# Officials push for quicker removal of 'ghost fleet' ships



## shamrock

Moves are afoot to try and get rid of the old and rusting ships that are sitting around and threatening the environment...

http://hamptonroads.com/2009/06/officials-push-quicker-removal-ghost-fleet-ships


----------



## shamrock

Another viewpoint on this problem...

http://www.smithfieldtimes.com/index.php/news/25-top-stories/126-reserve-fleet-iw


----------



## kewl dude

Folks who live near this lay up fleet want to see the last 31 ships go away. But the Maritime Commission is dragging their feet with the scrap price of steel currently so low.

Greg Hayden


----------



## Davesdream

The push to dispose of these aging ships is growing, but as of today no one has come forward with a viable solution to the problem. Instead relaying on the US Government.
Now they have started a recycle program out of Hunters Point, San francisco and it's in a pilot program phase, pending the EPA's approval and various other enviromental groups.
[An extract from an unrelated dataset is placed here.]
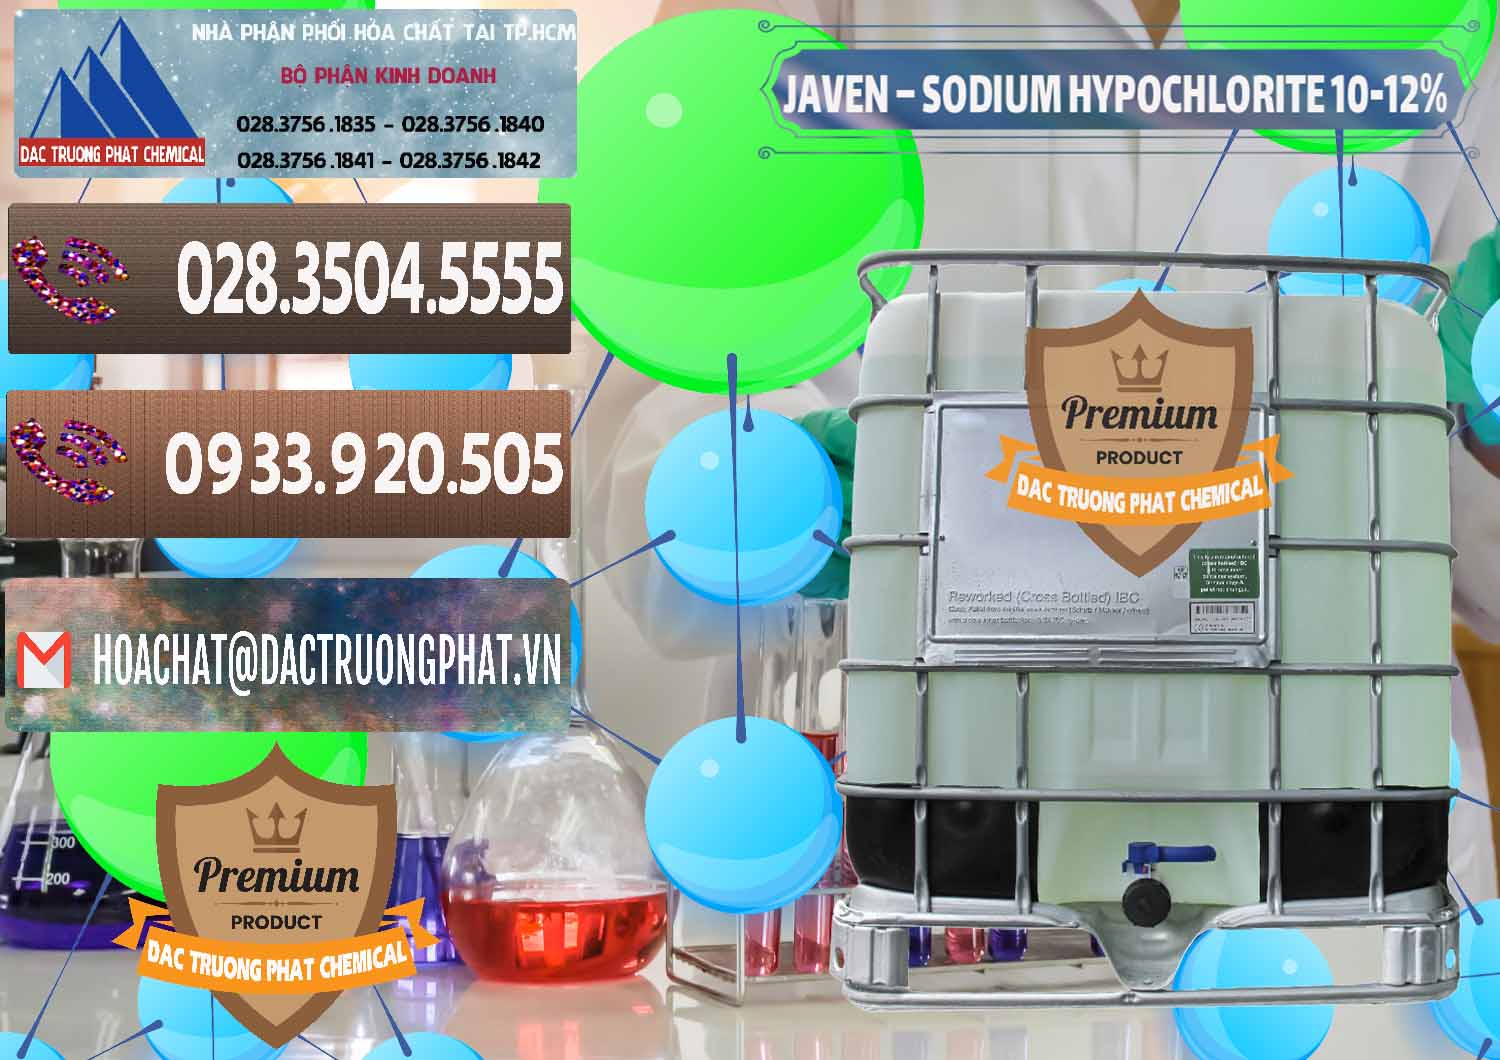 Công ty chuyên kinh doanh _ phân phối Javen - Sodium Hypochlorite 10-12% Việt Nam - 0188 - Đơn vị cung ứng - phân phối hóa chất tại TP.HCM - hoachatviet.net

It will take efforts from ALL industries as well as the government to effectively recycle these ships.

Regards
Davesdream


----------



## shamrock

Update...

http://www.dailypress.com/news/virginia/dp-va--ghostfleet0710jul10,0,4438262.story



> NEWPORT NEWS, Va. - One more ship is sailing away from Virginia's "Ghost Fleet."
> 
> The U.S. Maritime Administration said Thursday it has sold the Resolute to Esco Ltd. of Brownsville, Texas, for recycling. The company paid $90,726 for the container/breakup ship built in 1980.
> 
> It is expected to leave the James River off of Fort Eustis within 30 days.
> 
> ....cont../..


----------



## shamrock

Two more bite the dust...

http://www.yourshipbuildingnews.com...sells+two+more+ships+for+recycling_35768.html


----------



## JonHare

I wonder if Able UK will put in for anything else from MARAD/ America. Over the last year or so since gaining all the permissions and licenses needed to undertake the dismantling/ scrapping work. I have heard a couple of muffled rumors that Able UK were back in talks with MARAD about taking on more ships. Does anybody have any other details.


----------